In the records below, find the line with "Distribution of Peltocephalus" and repeat exactly every line from it through the line with "Памятник на могиле". Pictures stay out.

EXTRACTED DATA
╭──
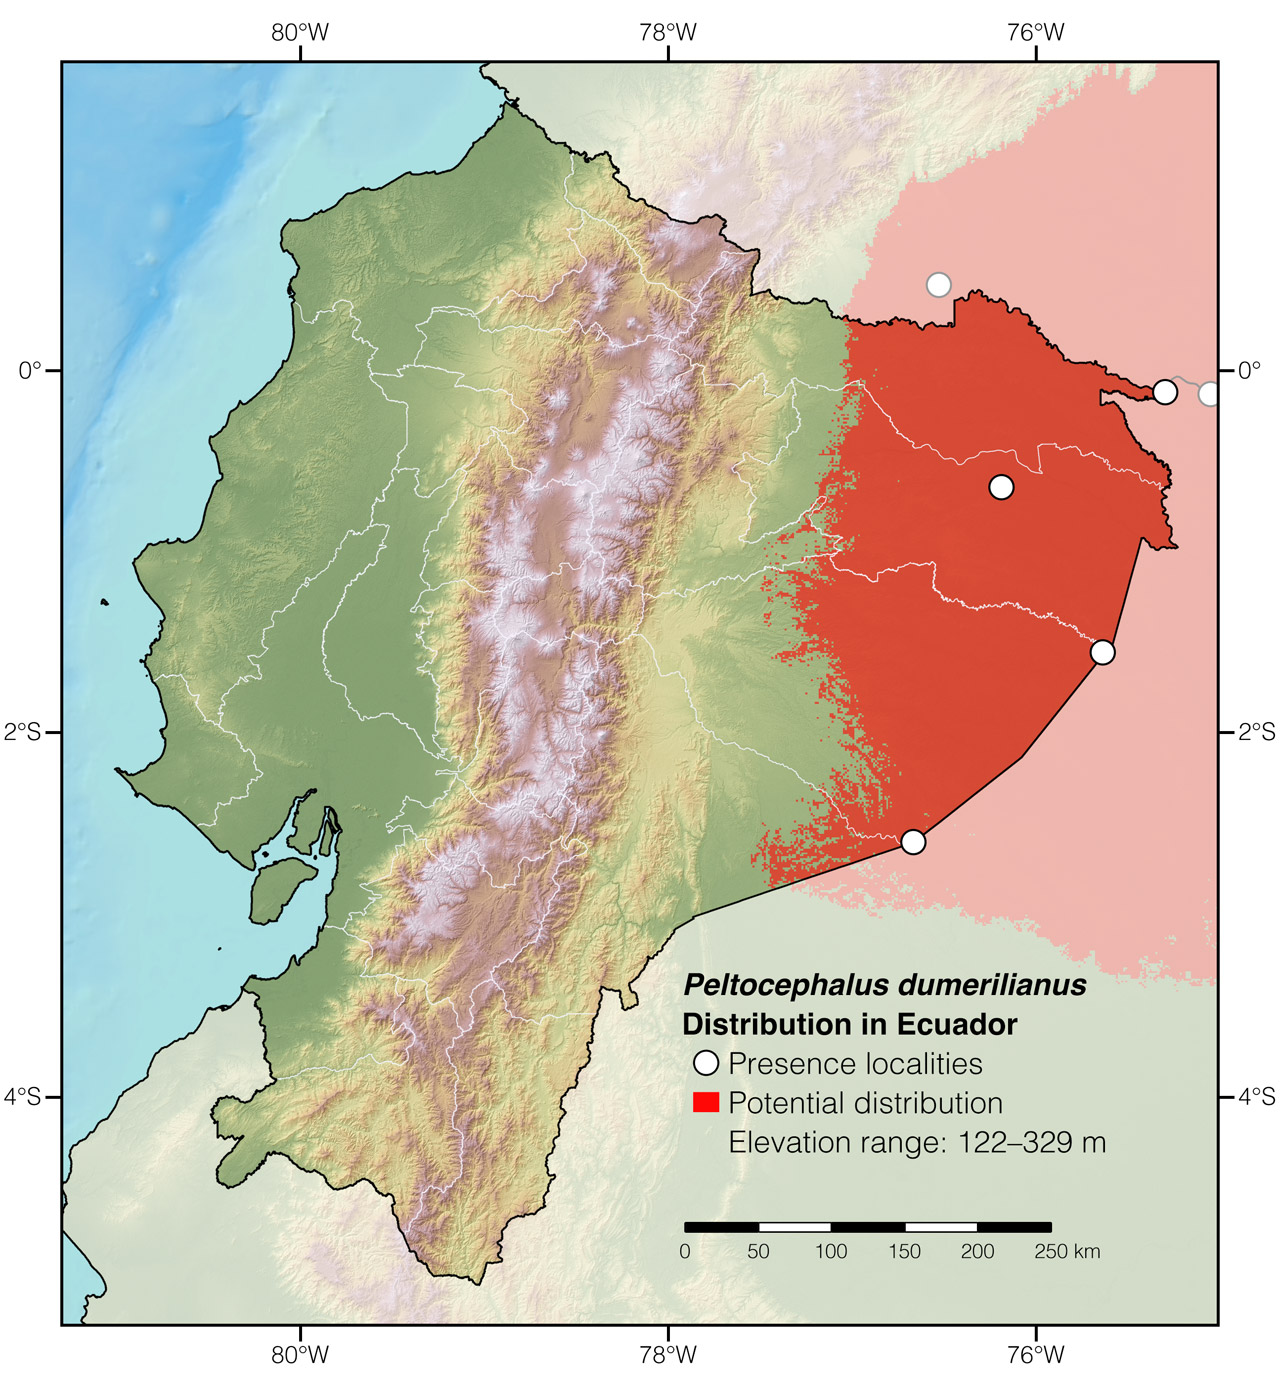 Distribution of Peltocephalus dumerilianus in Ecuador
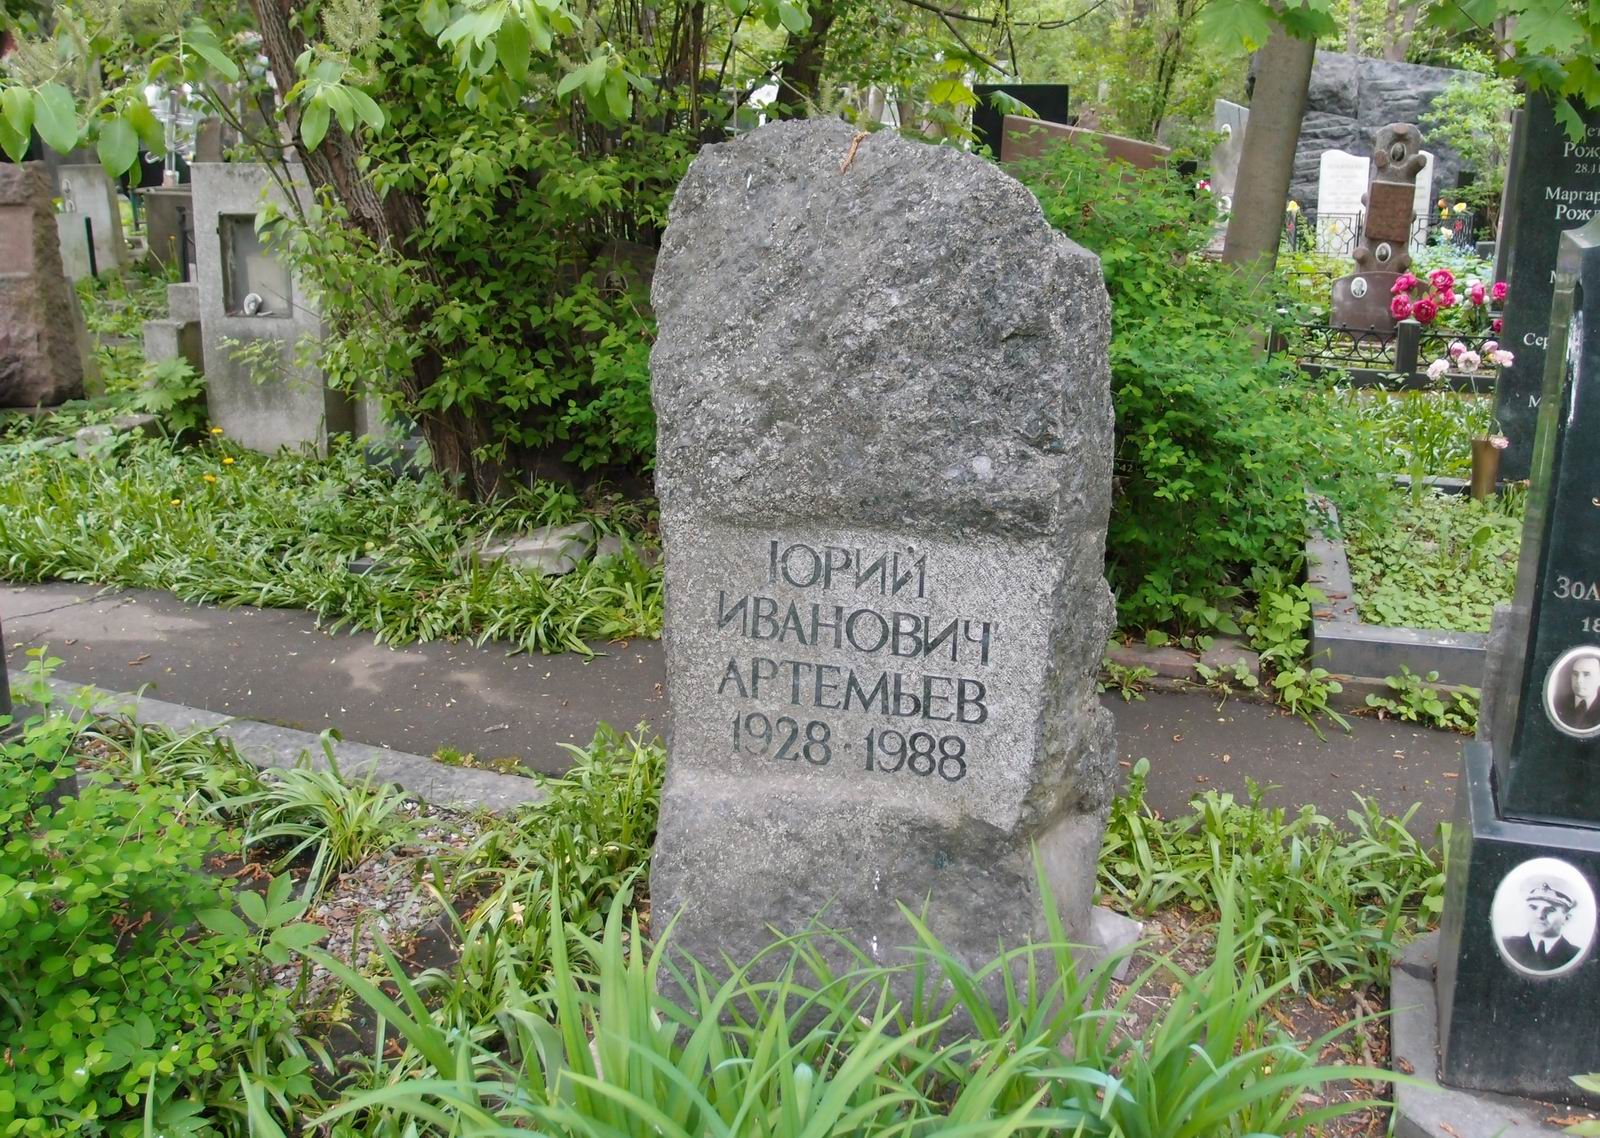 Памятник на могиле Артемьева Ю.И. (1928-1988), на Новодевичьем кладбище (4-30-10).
╰──
╭──
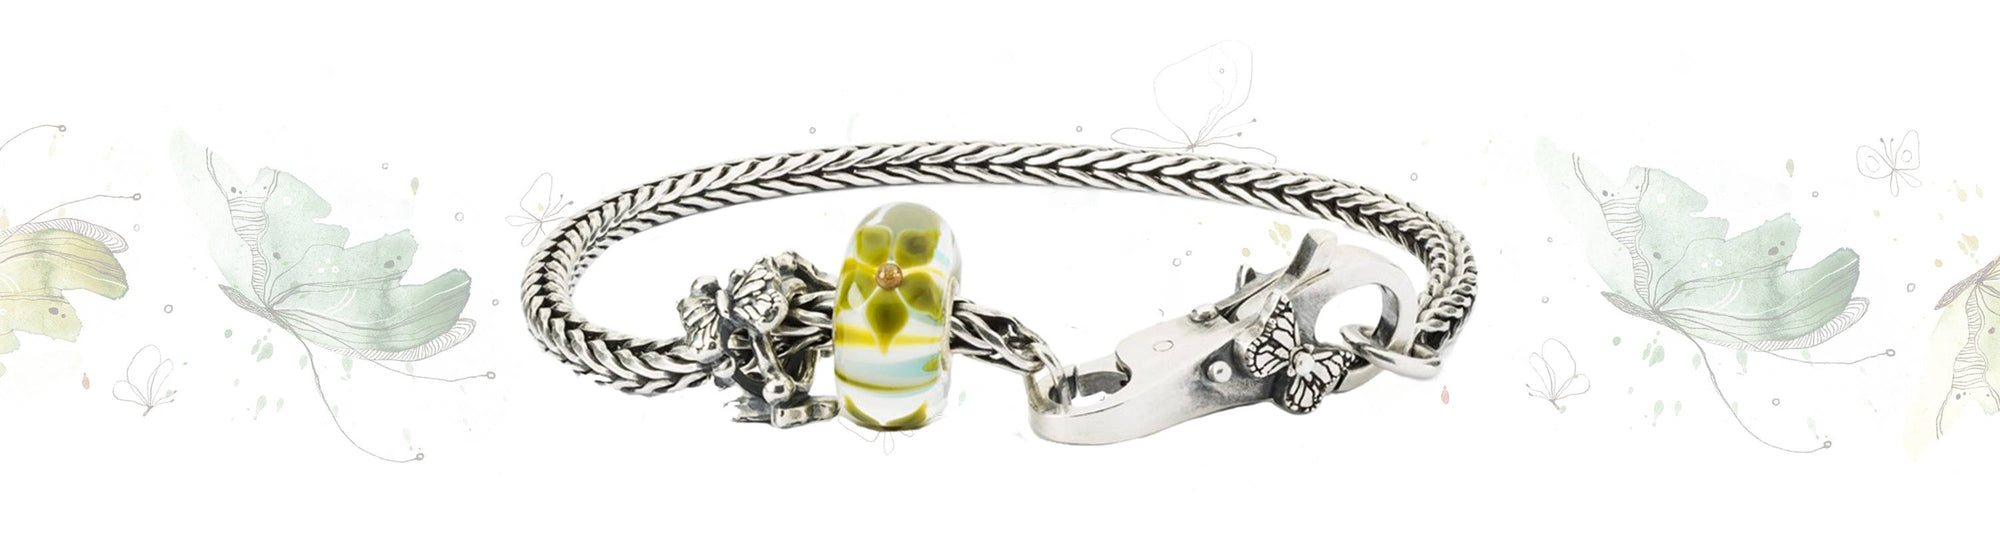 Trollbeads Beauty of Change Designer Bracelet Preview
╰──
EXERCISE SOLUTION
 Distribution of Peltocephalus dumerilianus in Ecuador
 Памятник на могиле Артемьева Ю.И. (1928-1988), на Новодевичьем кладбище (4-30-10).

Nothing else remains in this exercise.